RBTorsionForce

class OpenMM::RBTorsionForce

This class implements an interaction between groups of four particles that varies with the torsion angle between them according to the Ryckaert-Bellemans potential. To use it, create an RBTorsionForce object then call addTorsion() once for each torsion. After a torsion has been added, you can modify its force field parameters by calling setTorsionParameters(). This will have no effect on Contexts that already exist unless you call updateParametersInContext().

Methods

RBTorsionForce	Create a RBTorsionForce.
getNumTorsions	Get the number of Ryckaert-Bellemans torsion terms in the potential function
addTorsion	Add a Ryckaert-Bellemans torsion term to the force field.
getTorsionParameters	Get the force field parameters for a Ryckaert-Bellemans torsion term.
setTorsionParameters	Set the force field parameters for a Ryckaert-Bellemans torsion term.
updateParametersInContext	Update the per-torsion parameters in a Context to match those stored in this Force object.
setUsesPeriodicBoundaryConditions	Set whether this force should apply periodic boundary conditions when calculating displacements.
usesPeriodicBoundaryConditions	Returns whether or not this force makes use of periodic boundary conditions.

RBTorsionForce()

Create a RBTorsionForce().

int getNumTorsions() const

Get the number of Ryckaert-Bellemans torsion terms in the potential function

int addTorsion(int particle1, int particle2, int particle3, int particle4, double c0, double c1, double c2, double c3, double c4, double c5)

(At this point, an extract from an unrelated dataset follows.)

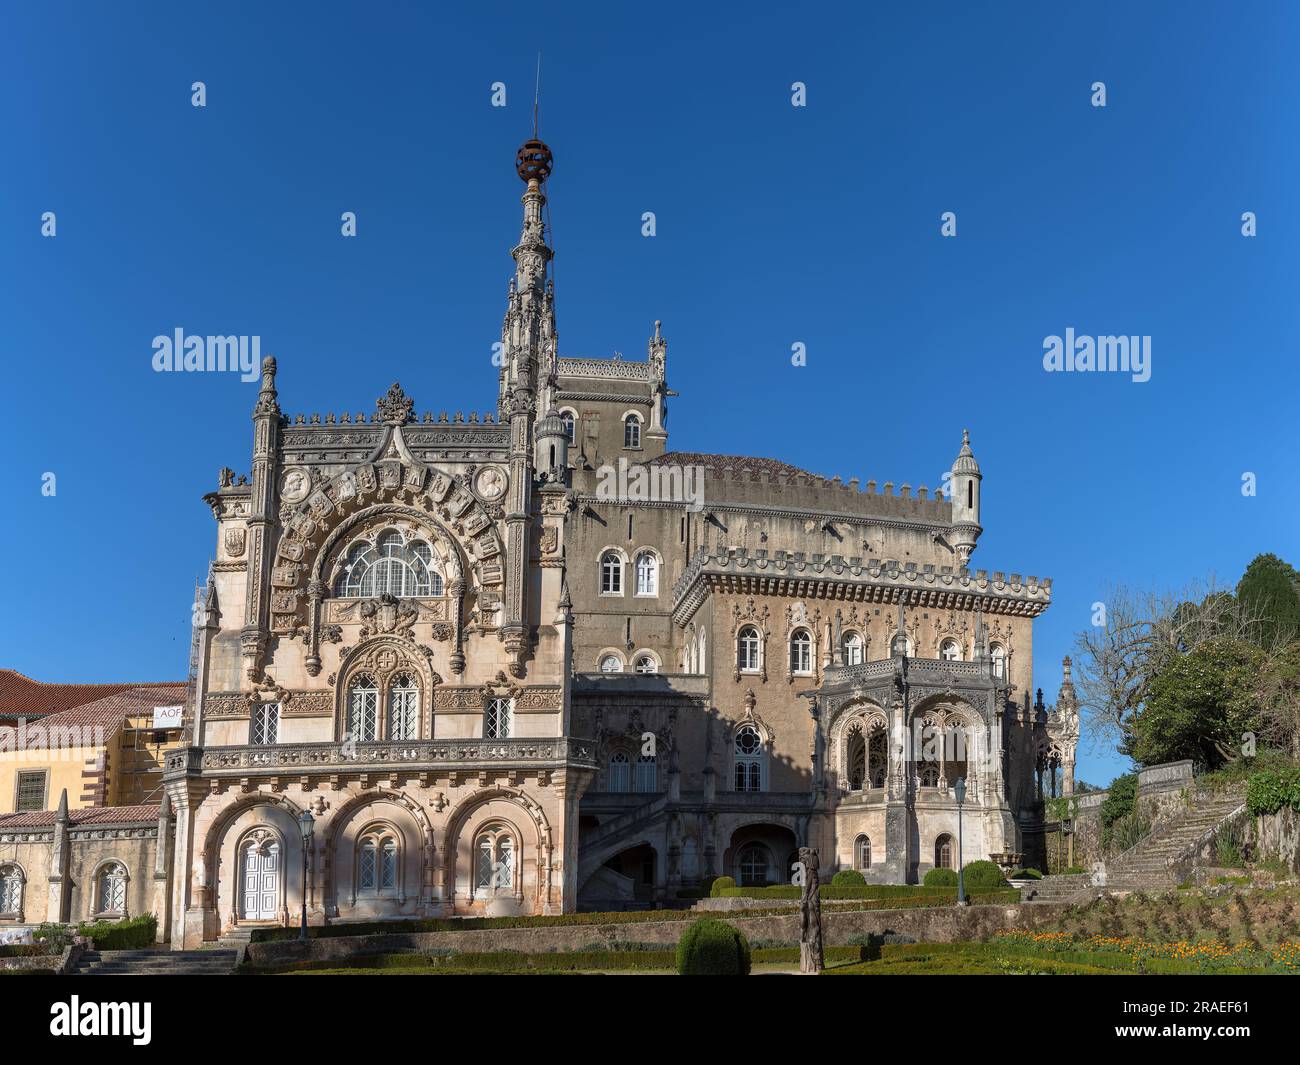 Luso / Aveiro / Portugal - 03 09 2019 : Full view of the back facade of the Bussaco Palace, Romantic palace in Neo-Manueline style monument, romantia« Stock Photo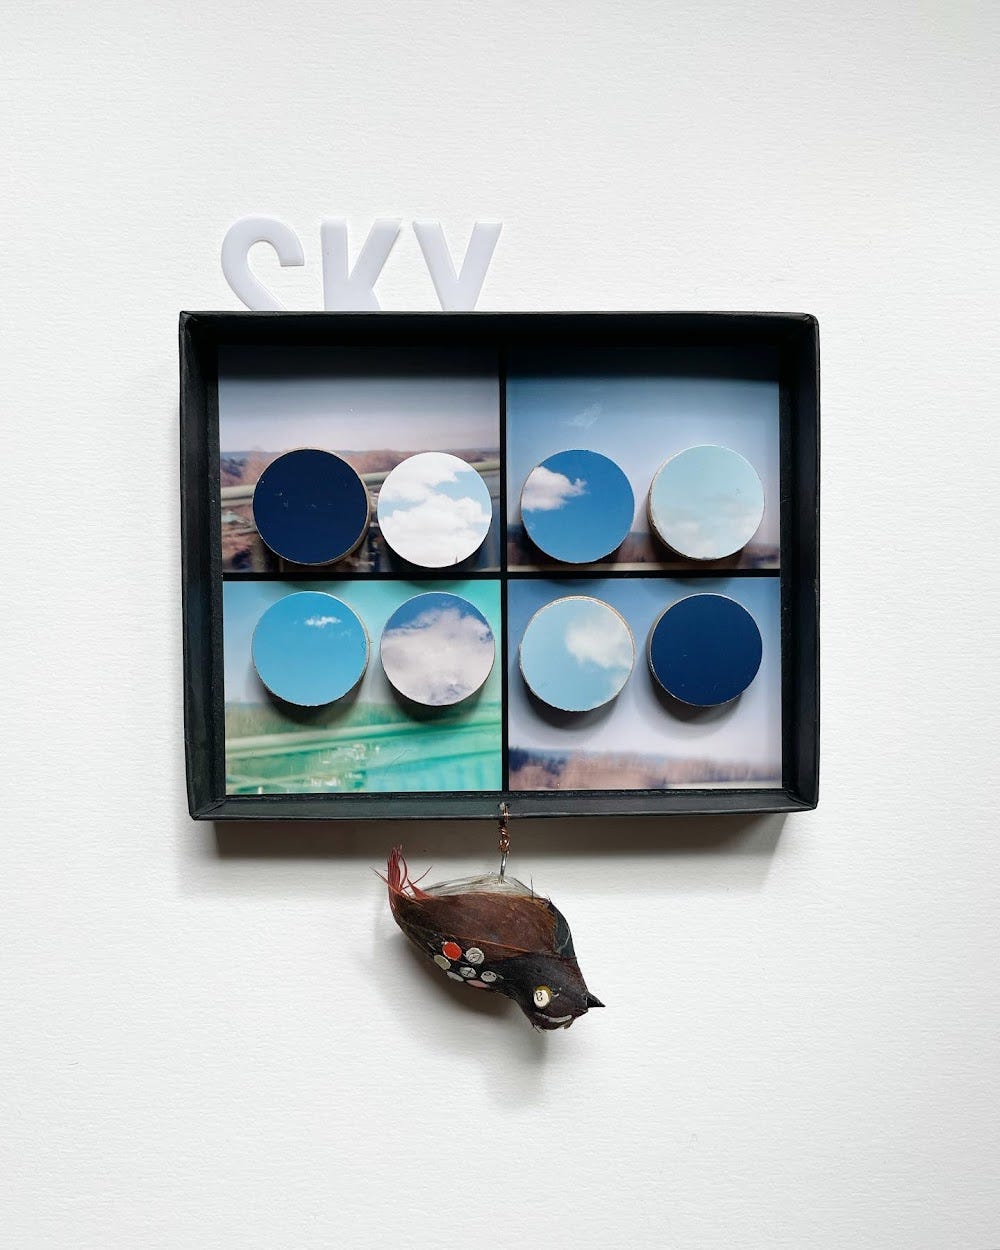 Mixed media collage; a black box for photos holds a snapshot with 4 landscape views, overlaid by 8 views of the sky. Plastic letters spelling sky are affixed to the top of the box, and a plastic bird with collaged circles hangs upside down from the bottom of the box with copper wire.

Add a Ryckaert-Bellemans torsion term to the force field.

Parameters:

• particle1 – the index of the first particle forming the torsion
• particle2 – the index of the second particle forming the torsion
• particle3 – the index of the third particle forming the torsion
• particle4 – the index of the fourth particle forming the torsion
• c0 – the coefficient of the constant term, measured in kJ/mol
• c1 – the coefficient of the 1st order term, measured in kJ/mol
• c2 – the coefficient of the 2nd order term, measured in kJ/mol
• c3 – the coefficient of the 3rd order term, measured in kJ/mol
• c4 – the coefficient of the 4th order term, measured in kJ/mol
• c5 – the coefficient of the 5th order term, measured in kJ/mol

Returns:the index of the torsion that was added

void getTorsionParameters(int index, int &particle1, int &particle2, int &particle3, int &particle4, double &c0, double &c1, double &c2, double &c3, double &c4, double &c5) const

Get the force field parameters for a Ryckaert-Bellemans torsion term.

Parameters:

• index – the index of the torsion for which to get parameters
• particle1 – [out] the index of the first particle forming the torsion
• particle2 – [out] the index of the second particle forming the torsion
• particle3 – [out] the index of the third particle forming the torsion
• particle4 – [out] the index of the fourth particle forming the torsion
• c0 – [out] the coefficient of the constant term, measured in kJ/mol
• c1 – [out] the coefficient of the 1st order term, measured in kJ/mol
• c2 – [out] the coefficient of the 2nd order term, measured in kJ/mol
• c3 – [out] the coefficient of the 3rd order term, measured in kJ/mol
• c4 – [out] the coefficient of the 4th order term, measured in kJ/mol
• c5 – [out] the coefficient of the 5th order term, measured in kJ/mol

void setTorsionParameters(int index, int particle1, int particle2, int particle3, int particle4, double c0, double c1, double c2, double c3, double c4, double c5)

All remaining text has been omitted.